With PyTorch installed, the remaining libraries install easily via pip. Here is a comprehensive installation for the full textbook experience:
# Core Hugging Face ecosystem
pip install transformers datasets tokenizers accelerate
# Fine-tuning and alignment
pip install peft trl bitsandbytes
# Inference serving
pip install vllm
# RAG and embeddings
pip install sentence-transformers langchain langchain-openai langchain-community langchain-text-splitters chromadb
# Experiment tracking
pip install wandb mlflow
# Data processing
pip install pandas numpy scikit-learn
# Jupyter notebooks
pip install jupyterlab ipywidgets
# Install vLLM (Linux only, or WSL2 on Windows)
pip install vllm
# Start a local inference server
python -m vllm.entrypoints.openai.api_server \
--model meta-llama/Llama-3.1-8B-Instruct \
--dtype auto \
--max-model-len 4096
Code Fragment D.4.1: Installing the core library stack for LLM development: Hugging Face Transformers, fine-tuning tools (peft, trl), experiment tracking (wandb, mlflow), and data processing utilities.

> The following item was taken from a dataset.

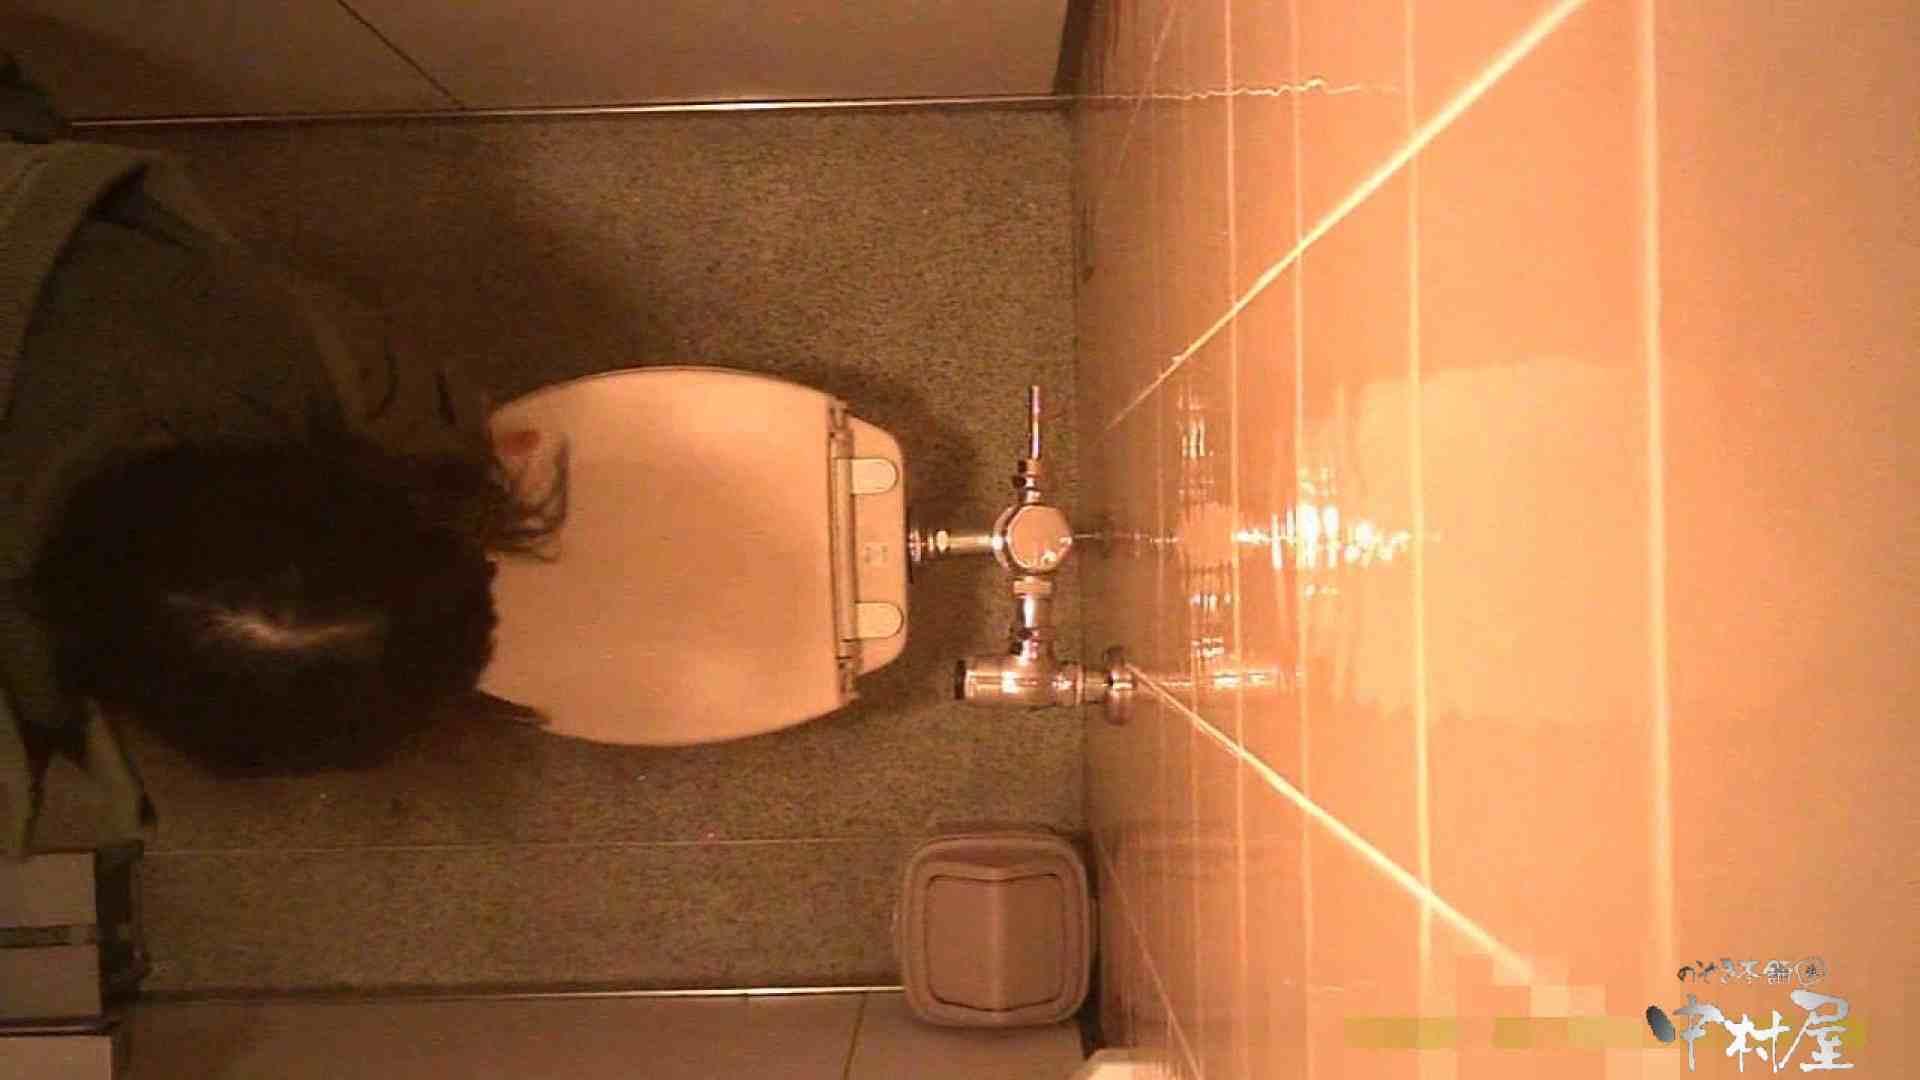 初盗撮!女盗撮師カレンさんの 潜入!女子トイレ盗撮!Vol.5 美女 | 女子トイレ  99画像 6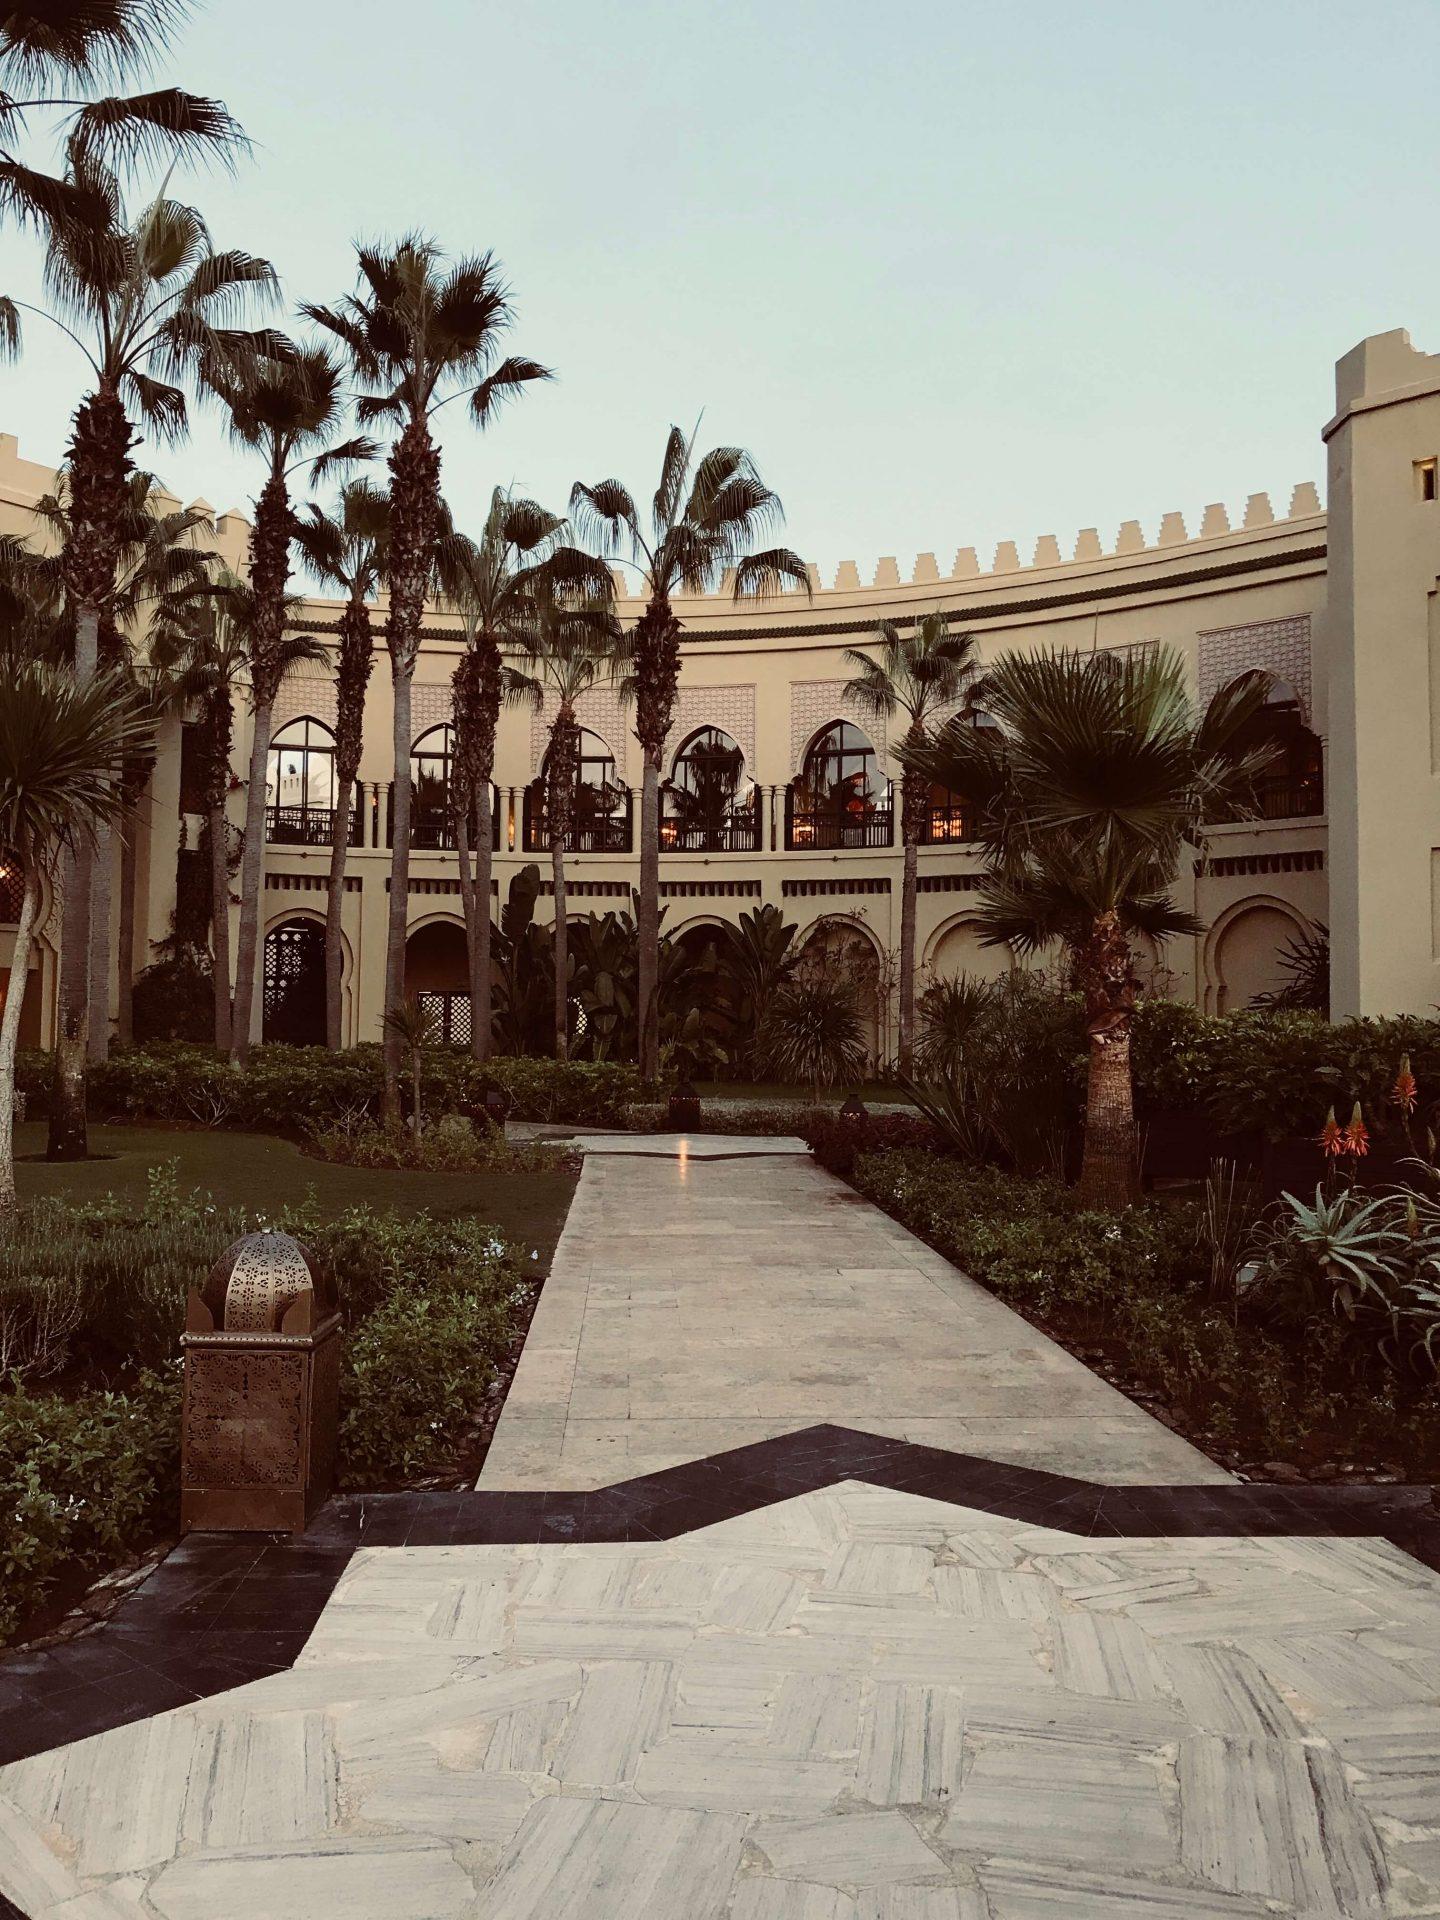 Séjour Maroc Mazagan Casablanca L'atelier d'al blog mode voyages

Practical Example: Minimal Setup for Each Part of the Textbook
Parts 1 and 2 (Foundations, Understanding LLMs): pip install torch transformers datasets numpy
Part 3 (Working with LLMs): Add openai langchain langchain-openai
Part 4 (Training and Adapting): Add peft trl bitsandbytes accelerate wandb
Part 5 (Retrieval and Conversation): Add sentence-transformers chromadb langchain-community langchain-text-splitters
Parts 6 and 7 (Agents, Production): Add vllm mlflow
Installing vLLM
vLLM requires Linux and a CUDA-compatible GPU. It does not currently support Windows natively (use WSL2 on Windows). Code Fragment D.4.2 below puts this into practice.
Code Fragment D.4.2: Installing vLLM and launching a local OpenAI-compatible inference server for LLaMA 3.1 8B.